Prostitutes immigrating into the United States in the 19th century faced a discriminatory social, political and economic environment along the southern border, Deidre Moloney, author of Women, Sexual Morality, and Economic Dependency in Early U.S. Deportation Policy, said Monday.

"Exclusionary deportation policies … shaped the future of American citizens," said Moloney, who is working on her next book, National Insecurities: U.S. Immigration and Deportation Policy Since 1882.

Moloney, who read excerpts from the in-progress book, compares the way the government handled the immigration of prostitutes in New York with the southern U.S. border.

Prostitutes arriving from Europe were encouraged to leave the sex industry through women’s advocacy groups and the government. European prostitutes were seen as immigrants who would become permanent citizens and therefore needed to reform, Moloney said. The groups supporting the change called the prostitutes "white slaves."

"(The label) ‘white slavery’ emphasizes that the victims are white," Moloney said.

Mexican prostitutes along the southern border were not seen as a threat to the United States for the most part, said Moloney, who researched case studies along the border.

Mexican women were often unknowingly admitted into the prostitution business, unlike their European counterparts.

"Mexican women were being kidnapped and no one paid attention," Moloney said. "The focus was on the New York and the European connection."

U.S. officials reported that Mexican women were often raped as initiation into the prostitution business. This implies that the Mexican women, unlike the Europeans, were really the slaves, Moloney said. But the term "white slaves" was not used to make people more sympathetic to all prostitutes, Moloney said, just the white ones.

"There was little outrage that non-white prostitutes started off (their jobs) with rape," Moloney said. "The fact that the (brothels) violated federal laws was their concern."

These allegations of rape were used to demonize Mexican men, Moloney said, making them look savage and violent. The U.S. never investigated the allegations, and women weren’t given an opportunity to voice their issues with the government, she said.

"It is hard to get the voices of the prostitutes themselves," Moloney said.
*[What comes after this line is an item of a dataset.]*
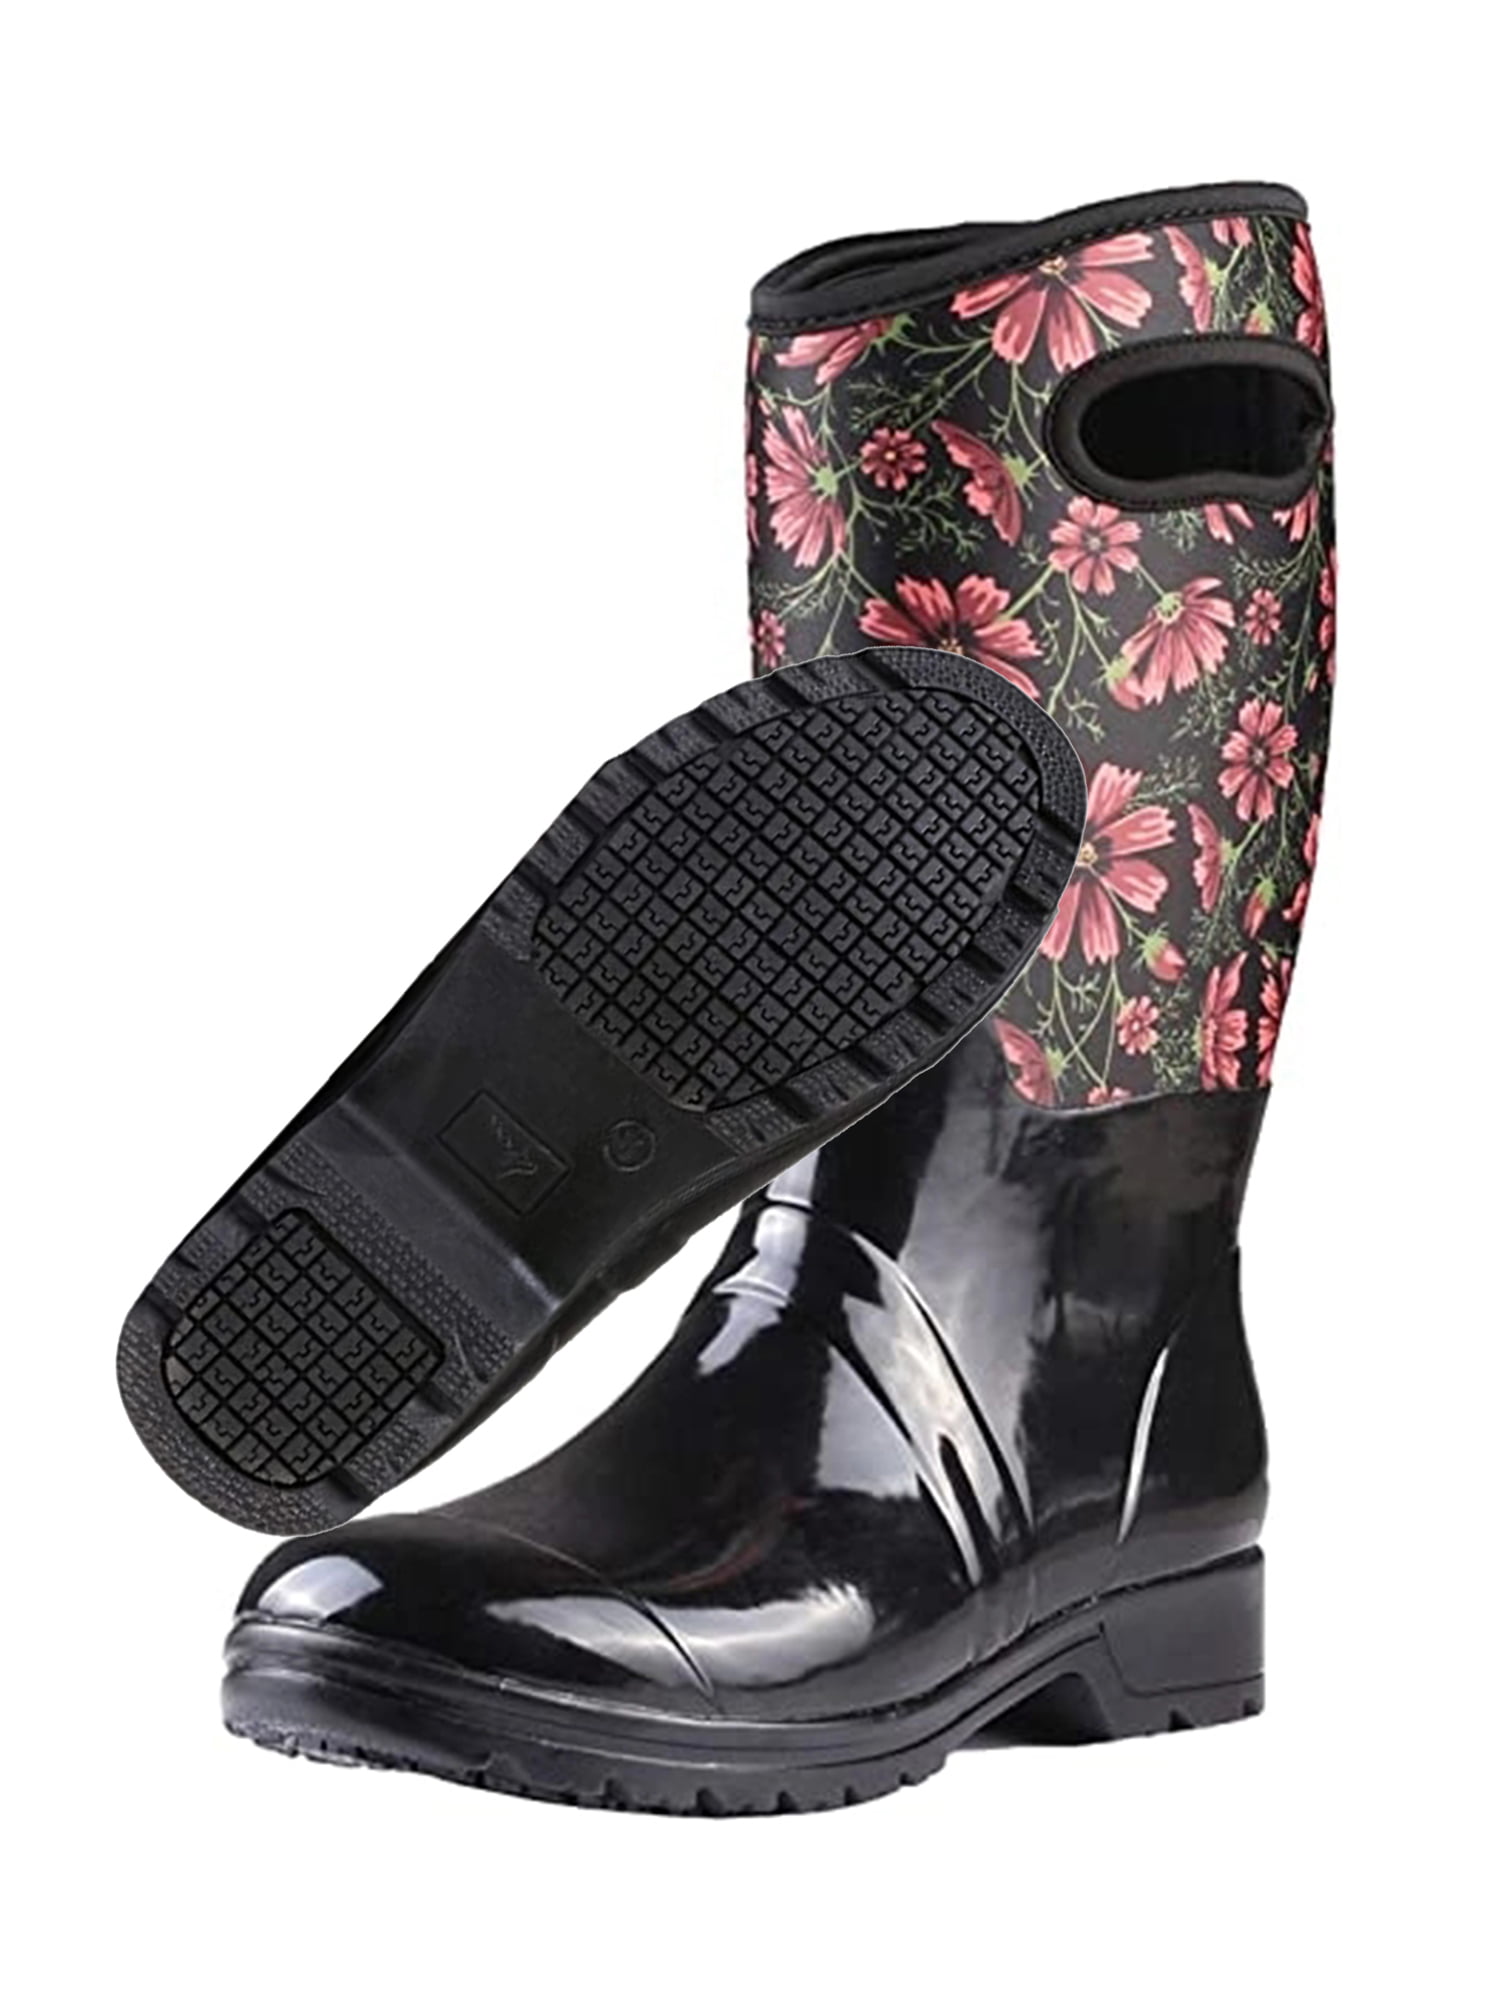 Own Shoe Neoprene Rubber Waterproof Rain Boots For Women Mid Calf

The U.S. saw the influx of all Mexicans as a new, low-wage workforce, Moloney said. The U.S. operated on "the presumption, it was all immigrant prostitutes and it was only immigrants that frequented them."

But law enforcement did go after prostitutes along the southern border. Despite being born in the U.S., a woman in 1909 was deported to Mexico after being arrested for prostitution because her estranged husband was Mexican, Moloney said.

The policy of the 1900s mirrors some of the immigration issues today, she said. The debate over giving undocumented people driver’s licenses, racial profiling and states’ rights are all pressing political issues.

"The local government, government federal and the state department all want something different," Moloney said.